Another year, another RINA project kick-off, this time it was again in Barcelona, but this time without a co-located workshop. ARCFIRE (like IRATI before it) was within the FIRE framework, and the objective was to get some experiments running with a reasonable number of nodes (on the order of 100) to demonstrate stability and scale of the prototypes and also to bring tooling to the RINA community. The project was coordinated by Sven van der Meer (Ericsson), who had done significant work on the PRISTINE use cases, and would focus on the impact of RINA on network management. The industry-inspired use cases were brought by Diego López (Telefónica), acteur incontournable in the Network Functions Virtualization (NFV) world. The project was of course topped off with i2cat, Nextworks, and ourselves, as we were somewhere in the process of integration into IMEC. The order at hand for us was to develop an fleshed-out testbed deployment framework for RINA, which we named Rumba. (A rhumba is a bunch of rattlesnakes, and Ouroboros is a snake, and it was written in Python – rhumba already existed, and rumba was an accepted alternate spelling).
In early 2016, the RINA landscape was very different from when we embarked on IRATI in 2013. There were 2 open source prototypes, IRATI was the de-facto standard used in EC projects, but Vincenzo’s rlite was also becoming available at the time and would be used in ARCFIRE. And soon, the development of a third prototype – ouroboros – would start. External perception of RINA in the scientific community had also been shifting, and not in a positive direction. At the start of the IRATI project, we had the position paper with project plans and outlines, and the papers on the shims showed some ways on how RINA could be deployed. But other articles trying to demonstrate the benefits of RINA were – despite all the efforts and good will of all people involved – lacking in quality, mostly due to the limitations of the software. All these subpar publications did more harm than good, as the quality of the publications rubbed off on the perceived merits of the RINA architecture as a whole. We were always feeling this pressure to publish something, anything – and reviewers were always looking for a value proposition – Why is this better than my preferred solution?, Compare this in depth to my preferred solution – that we simply couldn’t support with data at this point in time. And not for lack of want or a lack of trying. But at least, ARCFIRE had at 2 years to look forward to, a focused scope and by now, the team had a lot of experience in the bag. But for the future of RINA, we knew the pressure was on – this was a now or never type of situation.

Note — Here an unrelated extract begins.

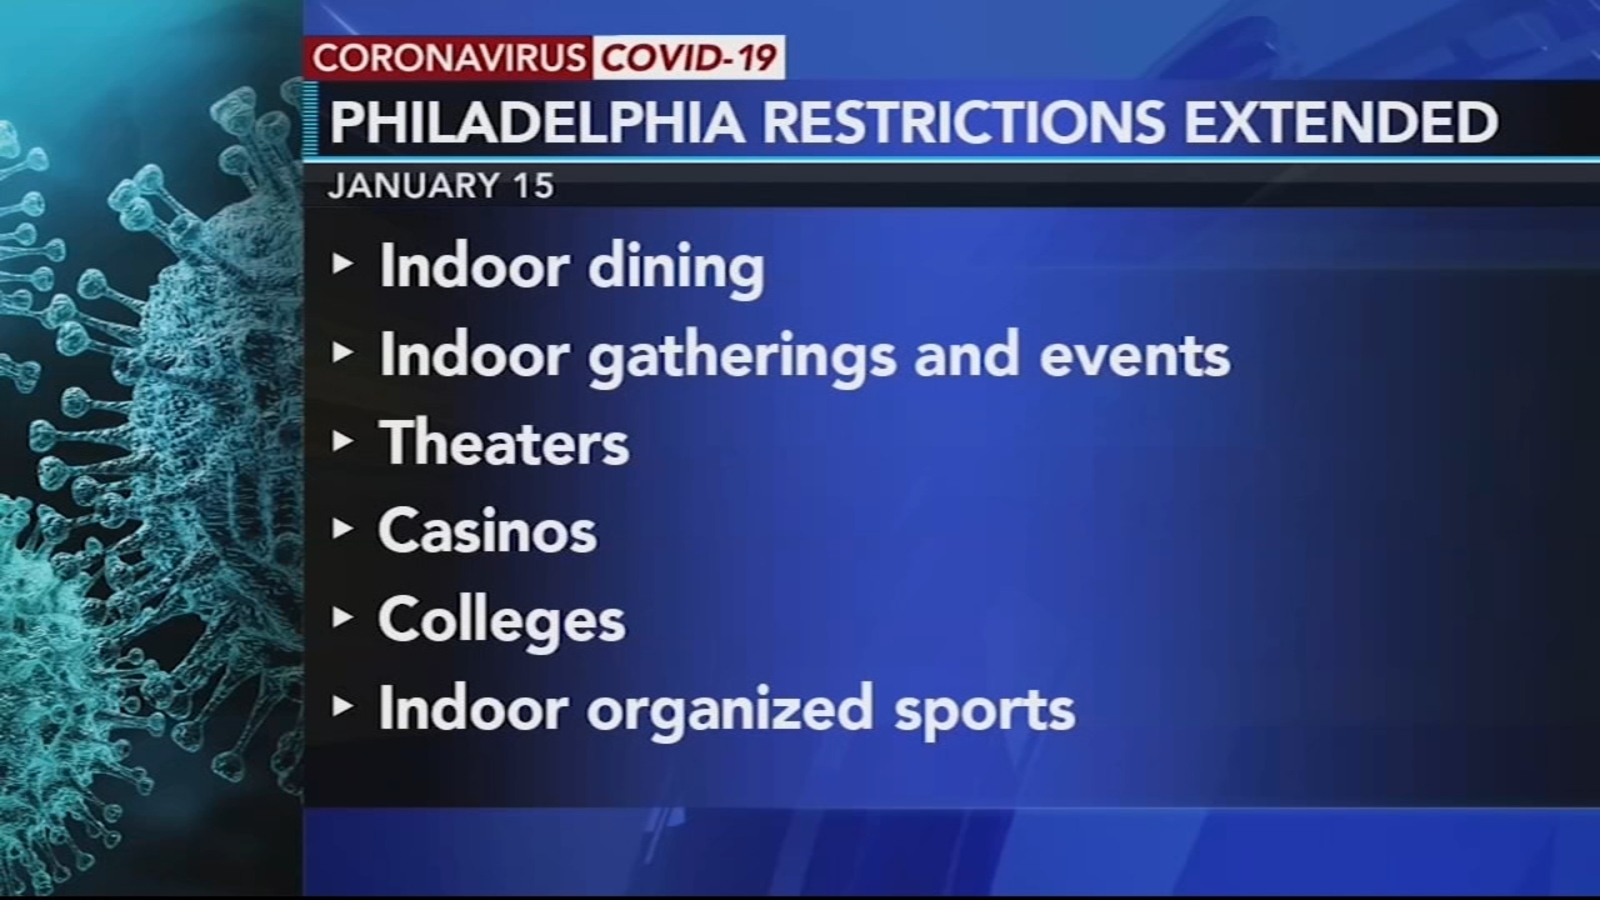 Philadelphia Govt-19 restrictions: Philadelphia extends some corona virus controls until January 15

We laid the first stone on Ouroboros on Friday February 12th, 2016. At that point in time Ouroboros was still planned as a RINA implementation, so we started from the beginning: an empty git repository under our cursor, renewed enthousiasm in our minds, fresh specs – still warm from the printer and smelling of toner – in our hands, and Sanders initial software design and APIs in colored marker on the whiteboard. Days were long – we still had work to do on PRISTINE, mind you – and evenings were short. I could now imagine the frustration of the i2cat people, who a couple of years prior were probably also spending their evenings and nights enthousiastically coding on IRATI while, for us, IRATI was still a (very interesting) job rather than a passion. We would feel no such frustrations as we knew from the onset that the development of Ouroboros was going to be a two-man job.
While we were spending half our days gathering and compiling results from our LFA experiments for PRISTINE, which – fortunately or unfortunately depending on the way I look at it – did not result in a publication, and half our days on the rumba framework, our early mornings and early evenings were filled with discussions on the RINA API used in Ouroboros. It was initially based on IRATI. Flow allocation used source and destination naming information – 4 objects that the RINA specs (correctly, might I add) say should be named: Application Process Name, Application Process Instance Id, Application Entity Name and Application Entity Instance Id. This naming information as in IRATI, was built into a single structure – a 4-tuple – and we were quickly running into a mess, because, while these names need to be identified, they are not resolved at the same time, nor in the same place. Putting them in a single struct and passing that around with NULL values all the time was really ugly. The naming API in Ouroboros changed quickly over time, initially saving some state in an init call (the naming information of the current application, for instance) and later on removing the source naming information from the flow allocation protocol altogether, because it could so easily be filled with fake garbage that one shouldn’t rely on it for anything. The four-tuple was then broken up to pass two 2-tuple name and instance-id, using one for the Process, the other for the Entity. But we considered these changes to be just a footnote in the RINA service definition, – taste, one could take it or leave it, no big deal. Little did we know that these small changes were just the start – the first notes of a gentle, breezy prelude that was slowly building towards a fierce, stormy cadenza that would signify the severance of Ouroboros from RINA almost exactly one year later.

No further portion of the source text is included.